As mentioned above, in order to cluster the elements it is necessary to determine whether two elements are similar for a given Experimental Result. This usually means that both elements have similar efficiencies for the Experimental Result. Since an absolute definition of ‘’similar elements’’ is not possible and the sensitivity to changes in the mass or width of a given element depends on the experimental result, SModelS uses an ‘’upper limit map-dependent’’ definition. Each element is mapped to its corresponding upper limit for a given Experimental Result and the distance between two elements is simply given by the relative distance between the upper limits:

\[\begin{split}& \mbox{ Upper Limit}(\mbox{Element } A) = x, \; \mbox{ Upper Limit}(\mbox{Element } B) = y\\ & \Rightarrow \mbox{distance}(A,B) = \frac{|x-y|}{(x+y)/2}\end{split}\]

Theory Predictions for Efficiency Map Results

In order to compute the signal cross sections for a given EM-type result, so it can be compared to the signal region limits, it is first necessary to apply the efficiencies (see EM-type result) to all the elements generated by the model decomposition.
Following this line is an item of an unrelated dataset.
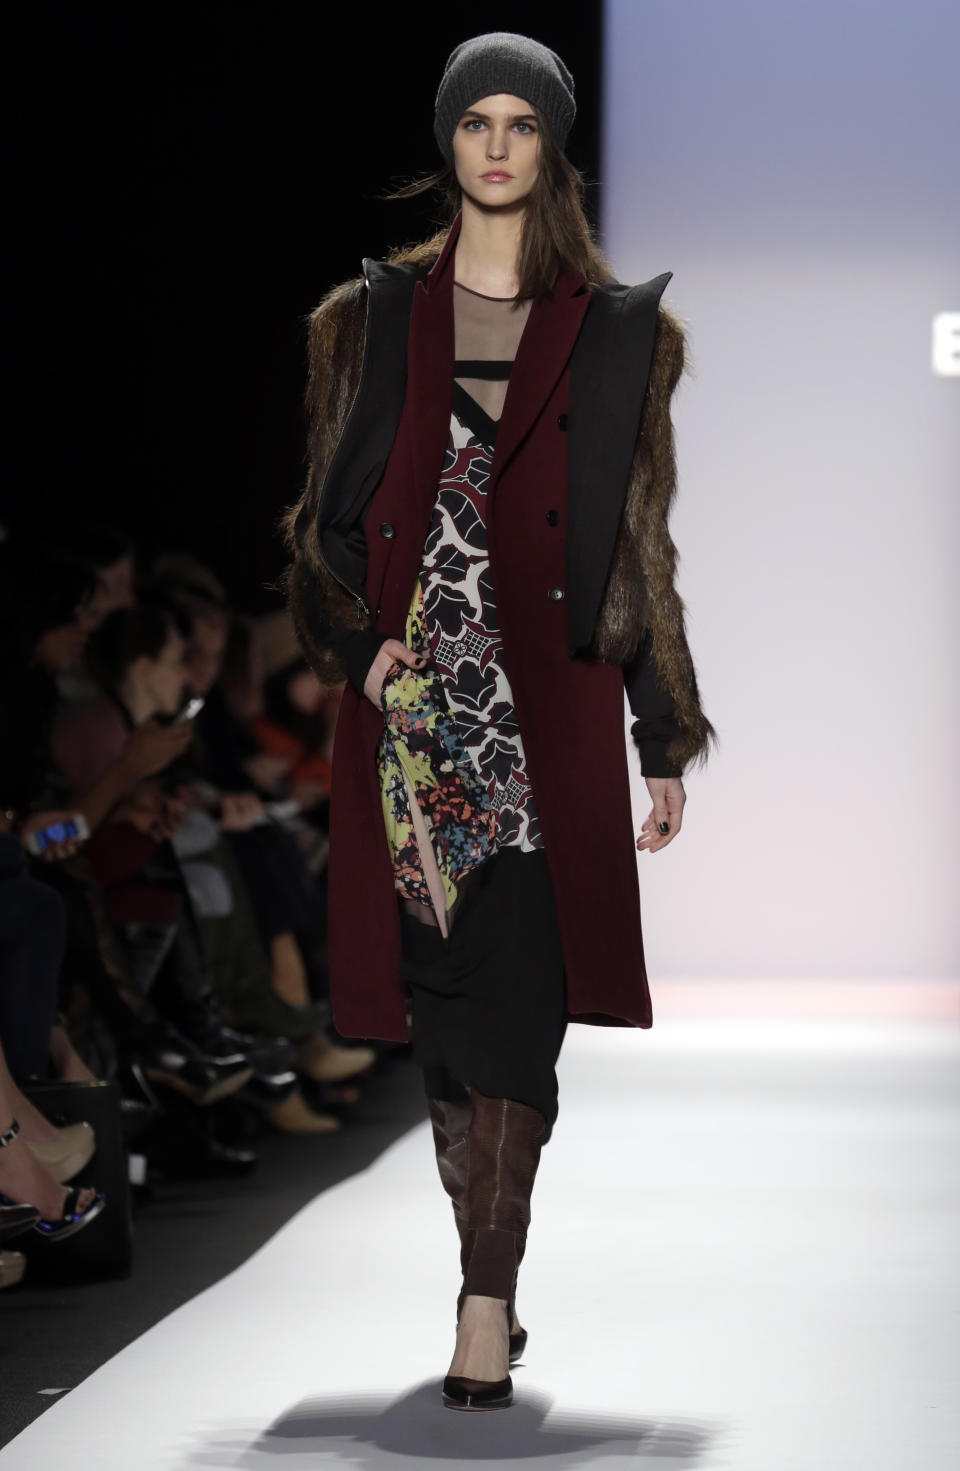 The BCBG Max Azria Fall 2013 collection is modeled during Fashion Week in New York on Thursday, Feb. 7, 2013. (AP Photo/Richard Drew)
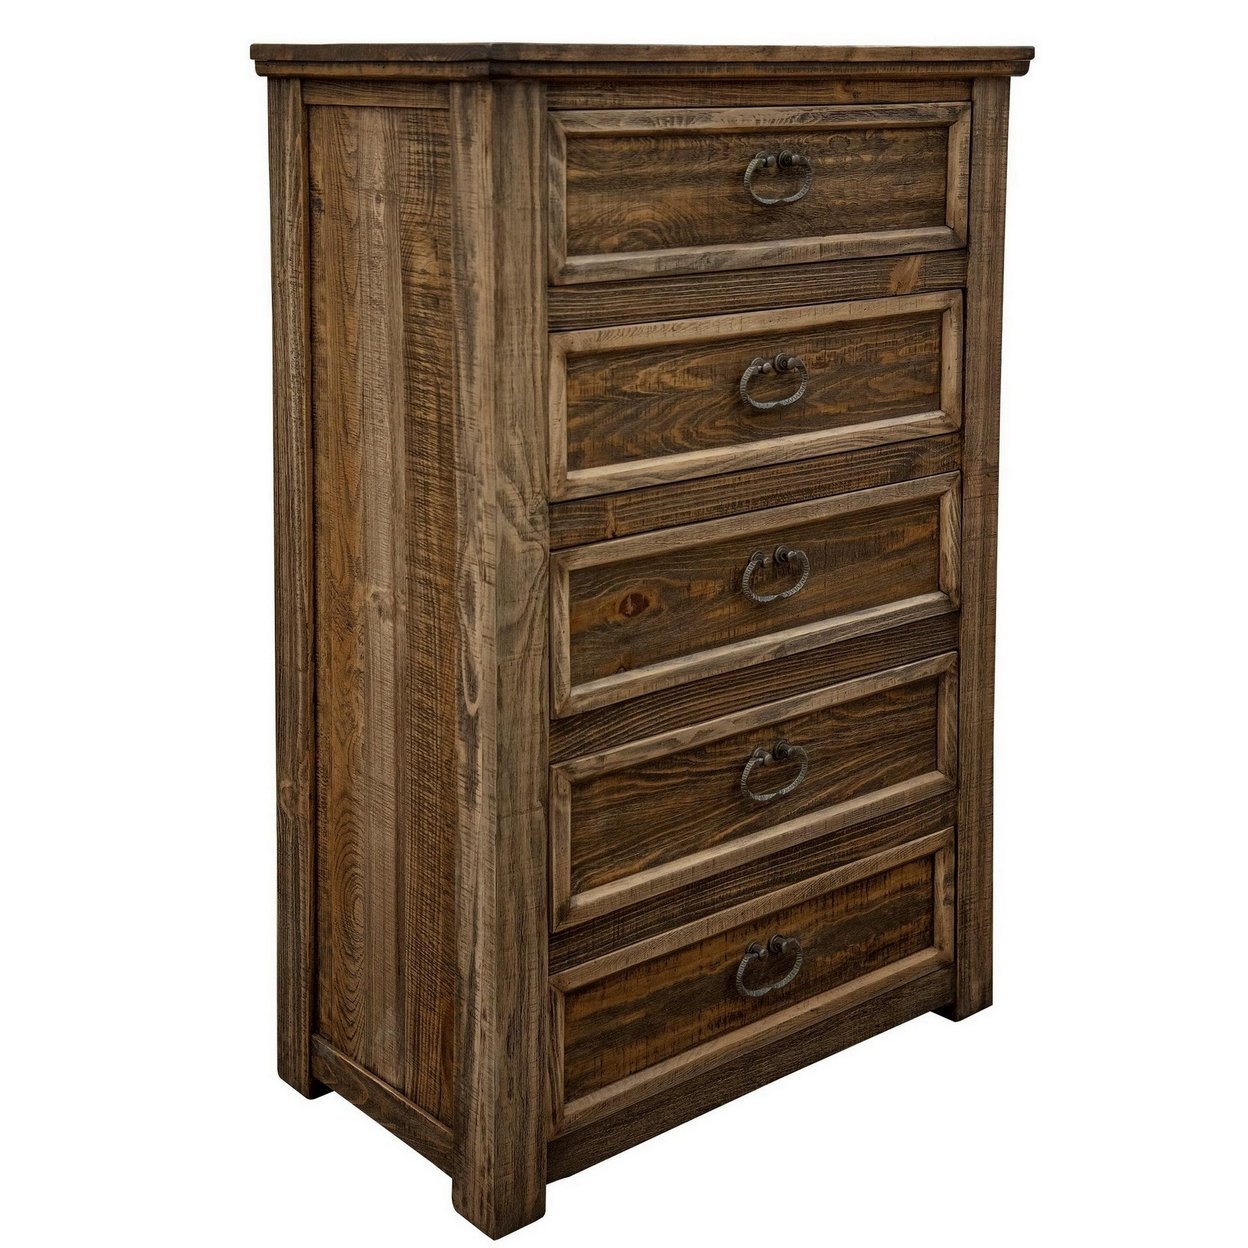 Maze 52 Inch 5 Drawer Chest With Lacquered Finish, Solid Pine Wood, Brown- Saltoro Sherpi

Notice that typically a single EM-type result contains several signal regions (DataSets) and there will be a set of efficiencies (or efficiency maps) for each data set. As a result, several theory predictions (one for each data set) will be computed. This procedure is similar (in nature) to the Element Selection applied in the case of a UL-type result, except that now it must be repeated for several data sets (signal regions).

After the element’s weights have being rescaled by the corresponding efficiencies for the given data set (signal region), all of them can be grouped together in a single cluster, which will provide a single theory prediction (signal cross section) for each DataSet. Hence the element clustering discussed below is completely trivial. On the other hand the element selection is slightly more involved than in the UL-type result case and will be discussed in more detail.

Element Selection

The element selection for the case of an EM-type result consists of rescaling all the elements weights by their efficiencies, according to the efficiency map of the corresponding DataSet. The efficiency for a given DataSet depends both on the element topology and its particle content. In practice the efficiencies for most of the elements will be extremely small (or zero), hence only a subset effectively contributes after the element selection[2]. In the figure below we illustrate the element selection for the case of an EM-type result/DataSet:

_images/EMselection.png

If, for instance, the analysis being considered vetoes \(jets\) and \(\tau\)’s in the final state, we will have \(\epsilon_2,\, \epsilon_4 \simeq 0\) for the example in the figure above. Also, if the experimental result applies only to prompt decays and the element contains intermediate meta-stable BSM particles, its efficiency will be very small (although not necessarily zero).

Element Clustering

After the efficiencies have been applied to the element’s weights, all the elements can be combined together when computing the theory prediction for the given DataSet (signal region). Since a given signal region correspond to the same signal upper limit for any element, the distance between any two elements for an EM-type result is always zero and the clustering procedure described above will trivially group together all the selected elements into a single cluster:

_images/EMcluster.png
[1]When refering to an element mass or width, we mean all the masses and widths of the Z2-odd particles appearing in the element. Two elements are considered to have identical masses and widths if their mass arrays and width arrays are identical.
[2]The number of elements passing the selection also depends on the availability of efficiency maps for the elements generated by the decomposition. Whenever there are no efficiencies available for an element, the efficiency is taken to be zero.